Added inline comments in the config with necessary explanation.

Example:

Resume from ./checkpoint/step-200

trainer:
  checkpoint:
    enable: true
    folder: ./checkpoint  # Directory to save or resume checkpoints (default: ./checkpoints)
    load_step: 200         # Step to load from; cannot be hf ckpt; -1 means load from initial_load_path. (default: -1)
    initial_load_path: hf://${model} # Optional: path or HF identifier to load model weights initially, will be ignored if `folder` exists
    initial_load_in_hf: true      # If true, interpret initial_load_path as a HuggingFace model repo
    last_save_in_hf: true
    interval: 500
    async_mode: "disabled"

Start from scratch and load from initial_load_path

trainer:
  checkpoint:
    enable: true
    folder: ./checkpoint  # Directory to save or resume checkpoints (default: ./checkpoints)
    load_step:-1         # Step to load from; cannot be hf ckpt; -1 means load from initial_load_path. (default: -1)
    initial_load_path: hf://${model} # Optional: path or HF identifier to load model weights initially, will be ignored if `folder` exists
    initial_load_in_hf: true      # If true, interpret initial_load_path as a HuggingFace model repo
    last_save_in_hf: true
    interval: 500
    async_mode: "disabled"

Tests

Resume at load_step=200; verify first rollouts carry generator_version == 200.
Run with checkpoint.interval=10; confirm a new checkpoint is saved at ./checkpoint/step-210.

TODO:

wandb log still starts from step 0
Update other yaml/py files

DNXie · 2025-10-15T21:34:49Z

Will update all the other configs once I got preliminary approval on this PR.

ebsmothers

At a high level this makes sense to me.
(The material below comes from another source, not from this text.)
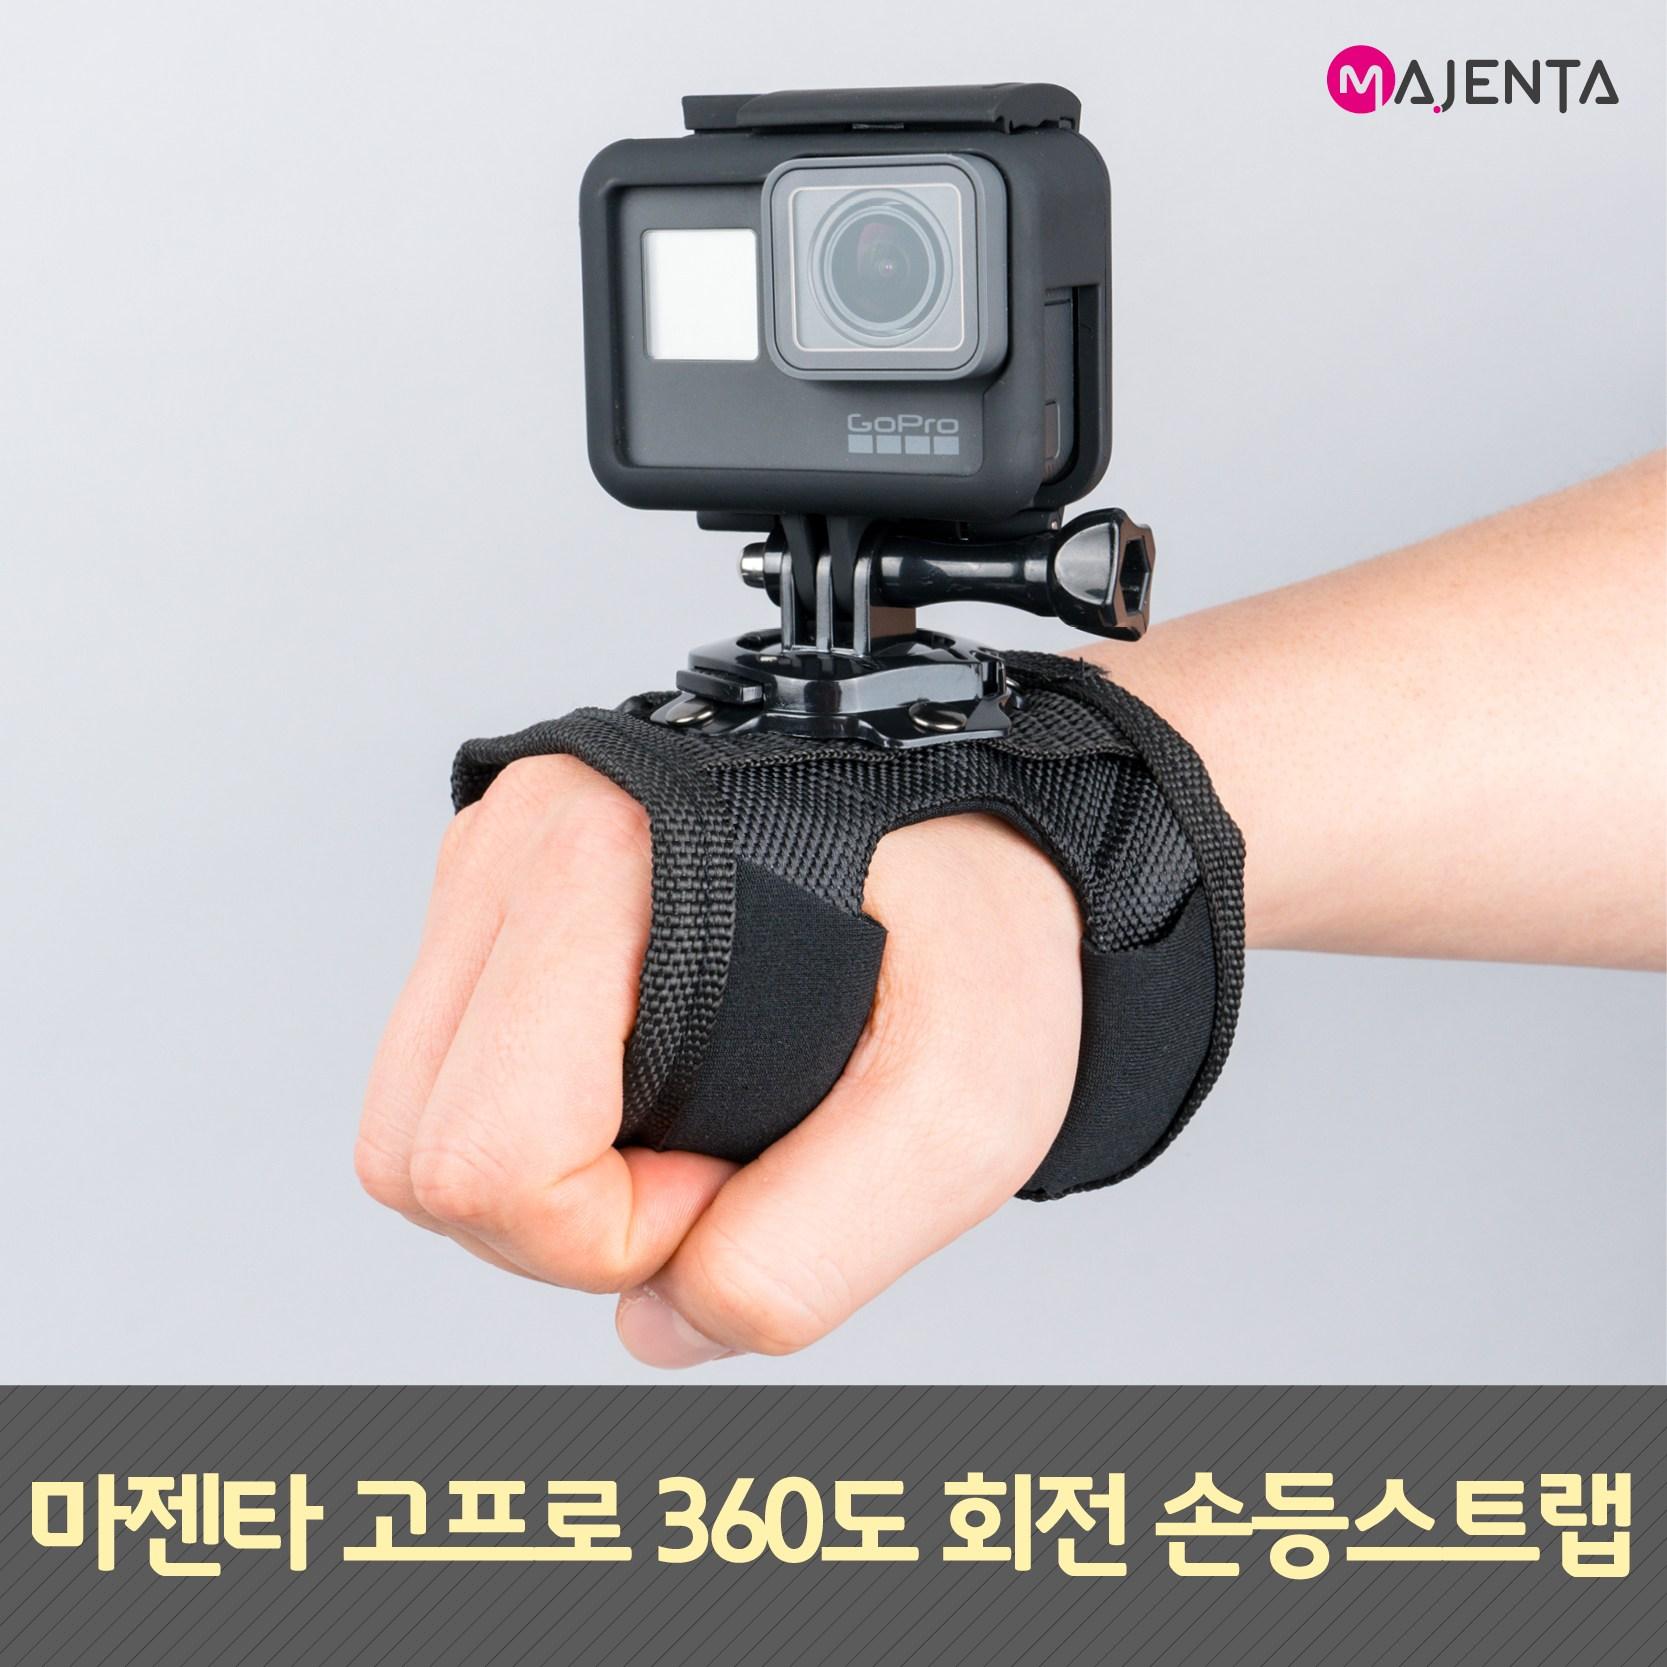 고프로 액션캠 360도 회전 손등스트랩, 단품

Two main comments:

(1) Is there some way that we can test this in CI? It would be very helpful given that checkpoint resume bugs are a huge pain to catch and reproduce
(2) Imo our checkpoint config is starting to get a bit unintuitive. We should think about ways we can consolidate/simplify some of the fields

DNXie · 2025-10-16T16:47:11Z

@ebsmothers

(2) Imo our checkpoint config is starting to get a bit unintuitive. We should think about ways we can consolidate/simplify some of the fields

Yes I agree. But I am designing this based on Titan's implementation. I agree this can be a bit confusing. Alternative design is that we can remove this load_step and force user to always use initial_load_path

trainer:
  checkpoint:
    enable: true
    folder: ./checkpoint_v2
    initial_load_path: ./checkpoint/step-200
    initial_load_in_hf: false    
    last_save_in_hf: true
    interval: 500
    async_mode: "disabled"

But the caveat is that: folder: ./checkpoint_v2. folder cannot exist, otherwise titan would ignore initial_load_path. So if users want to resume from a saved checkpoint, they have to start from step 0 and use a new folder to save the checkpoints.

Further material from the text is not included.